Я самое начало продремал, но главное и было чуть попозже. Там отец бил сына. Или моложавый дедушка - подростка внука. Лучше пусть будет отец. Он музыкант, и сына он учил тому же, только сын его нечаянно обидел пожилую учительницу музыки, а та - ещё отца его учила, и отец ударил сына по лицу. Это такой трагедией явилось для обоих, что сразу вспоминался Гоголь с его Тарасом Бульбой, потому что для еврея стукнуть внука - это тяжелей намного, нежели казаку сына застрелить. А что эти сын с отцом (дед с внуком) евреи, никакого сомнения не было, потому что оба - музыканты. И тогда отец от горя, что ударил внука, пошёл переживать на какую-то очень тёмную улицу, где его подстерегало ещё одно моральное падение в виде какой-то пожилой проститутки с некрасивым высохшим лицом и дико скрюченной невыдающейся фигурой. Только он с ней трахаться не стал, а сел на скамейку разговаривать и закурил (вот сволочь, я не мог этого сделать!). А в это время внук одумался после таких побоев, весь душевно возродился и потрясающе сыграл на скрипке на каком-то выпускном вечере. (Возможно, это было пианино, я плохо вижу без очков, а чтобы опознать по звуку, наушники я брать не стал, я всё равно язык не понимаю). Играл он очень, очень хорошо. Как Бог играл он. Как Шопен, когда вошла Жорж Санд. И сам от собственного впечатления, когда пошёл домой, то ёбнулся в обморок. А на дворе дождь, и поднять его некому. Но что вы думаете? Дождь прошёл, мгновенно всё подсохло (даже лето, кажется, сменилось на зиму), он сам поднялся и идёт (очень подрос за это время), и встречает девушку - она была уже в начале, он тогда её обидел тоже. А она давно его простила, ей только хотелось его встретить, чтоб ему об этом рассказать. И вот они уже потрахались (а дедушки с отцом нет дома), и она уснула, а у него в голове - мелодии и разные пейзажи. И тогда бежит он в зал, где играет та старушка учительница, которой он в детстве нагрубил (за что его отец и стукнул), и он идёт прямо на сцену и, вовремя угадав, переворачивает ей нотную страницу. Тут она взорлила и заиграла со страстью Рихарда Вагнера на еврейских похоронах. А в зале уже плачет его дедушка (довольно сильно постарел, так что, наверно, дедушка).

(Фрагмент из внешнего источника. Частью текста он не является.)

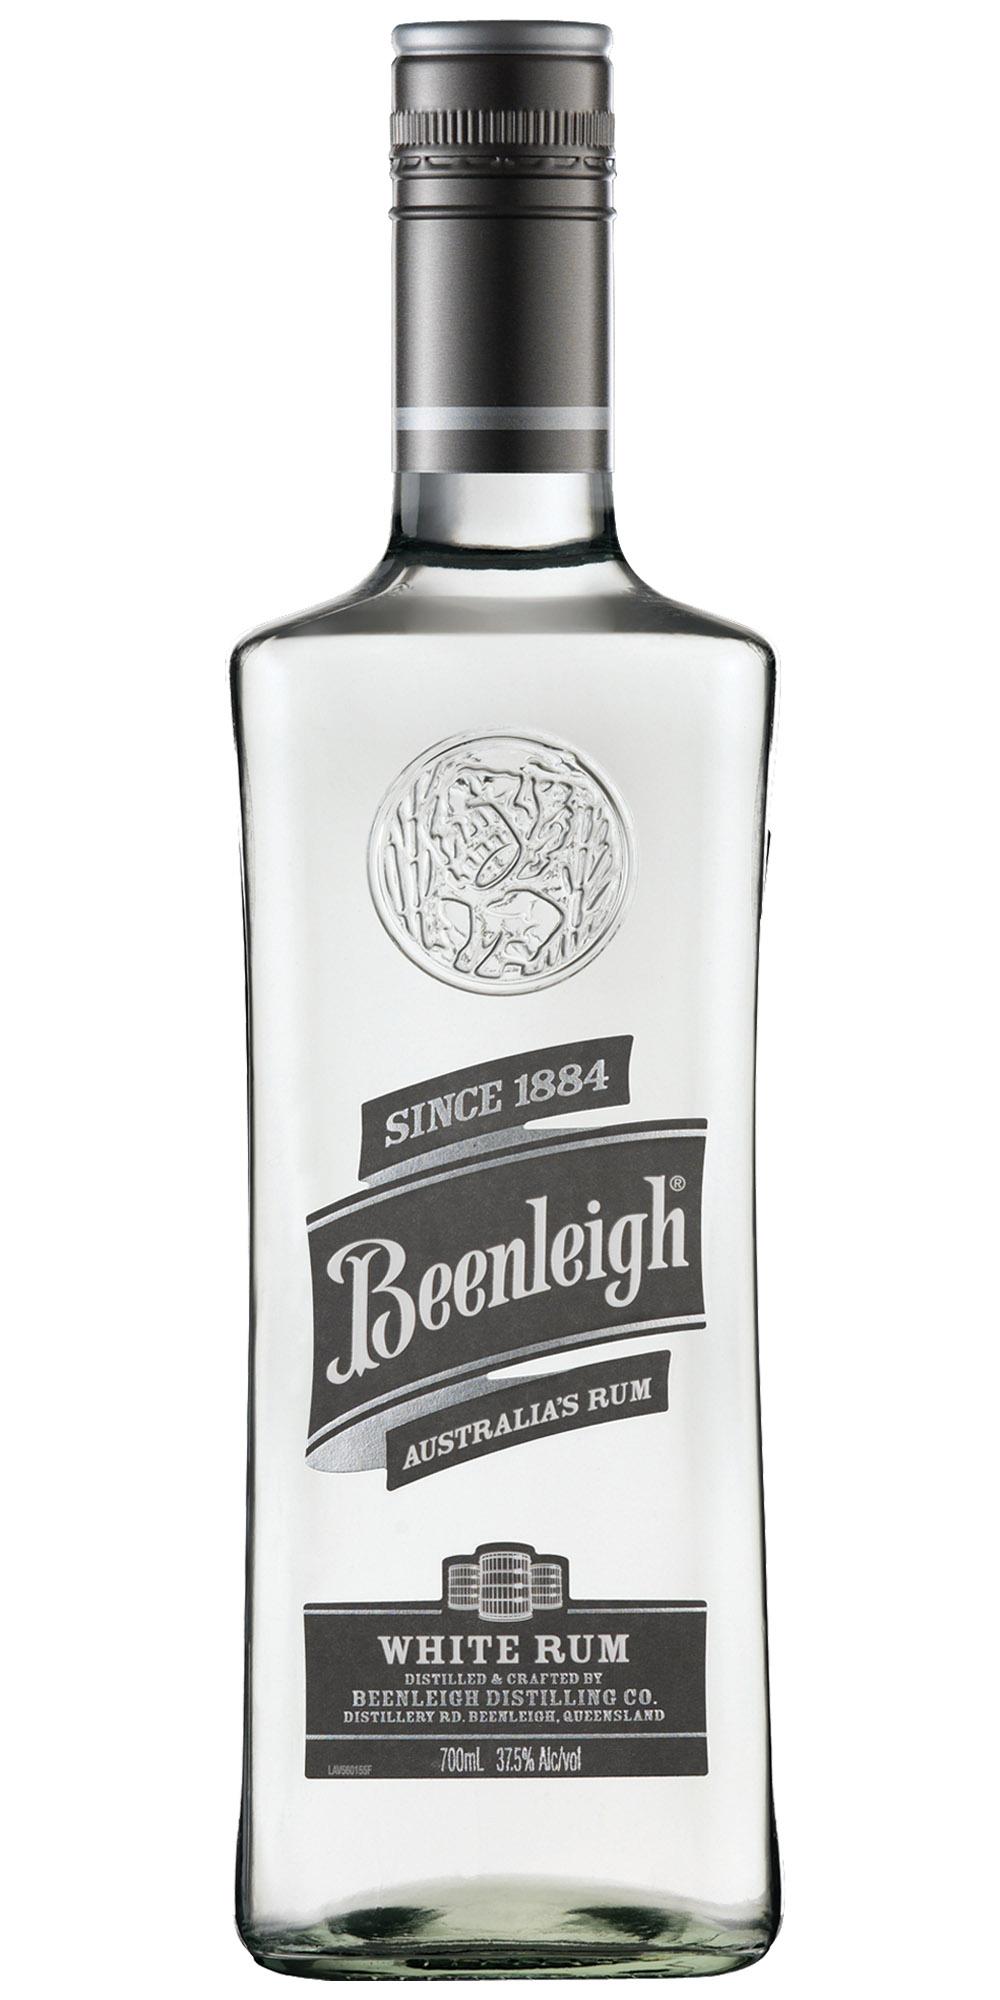 beenleigh-white-rum.jpg

И кончилось кино. Я так душевно вырос от него, что постеснялся беспокоить стюардессу и отпил из собственной бутылки, наплевав на самолётную халяву. Но перебрал. В силу чего проснулся я уже в Бангкоке. Да, до Австралии оставалось ещё столько же, и вечер, ночь и утро мне предстояло отдохнуть в Таиланде. Как я там курил тяжёлые наркотики и как валялся я в массажных заведениях - притонах (где кидают прямо в ванну какую-то ароматическую травку) - я об этом умолчу, ибо приятели мне не поверят всё равно, а жена поймёт меня неправильно, решив, что я всё это делал ради достижения блаженства, а не ради сбора информации для книги. Но спал я плохо в эту ночь, поэтому назавтра всю дорогу до Австралии (и стюардесса наливала мне от сердца) я проспал, а снились мне наркотики и ванна с травкой. Даже не припомню, кто со мной рядом сидел. По-моему, сидел кто-то, но при первой же возможности пересел. Чтоб я так жил, как я храплю, подумал я меланхолически. Я прихватил с собой в дорогу "Божественную комедию" хотел прочесть её ещё раз (ибо ни разу не читал), но так и не раскрыл, хотя она валялась рядом. Как-то мельком глянув на неё (поскольку чуть не выплеснулось пиво), я подумал, как мельчает со временем значение и смысл однокоренных слов: Данте - Дантес - дантист, но развить эту идею не успел, везли обед. А после самолёт летел довольно низко, и в просветах между облаками плыла пустыня и холмы. Я сразу догадался, что уже летим мы над Австралией. Очень хотелось послать телеграмму соболезнования вдове капитана Кука, но я в точности не помнил, где его съели, а телеграфировать откуда ни попадя мне было неудобно. Время течёт, а я лечу, подумал я с законной гордостью, и мысль эту сразу записал. Из неё, конечно, следовал какой-то вывод, резюме или мораль, и знал бы я, какие именно, то тоже записал бы. Только я не знал. Поэтому я снова задремал, а перед самым Мельбурном опять везли коляску с выпивкой.

Теперь, когда понятно вам, читатель, что за книгу эту взялся не поверхностный турист, а настоящий и заядлый путешественник, могу я смело начинать свои истории о странствиях по жизни.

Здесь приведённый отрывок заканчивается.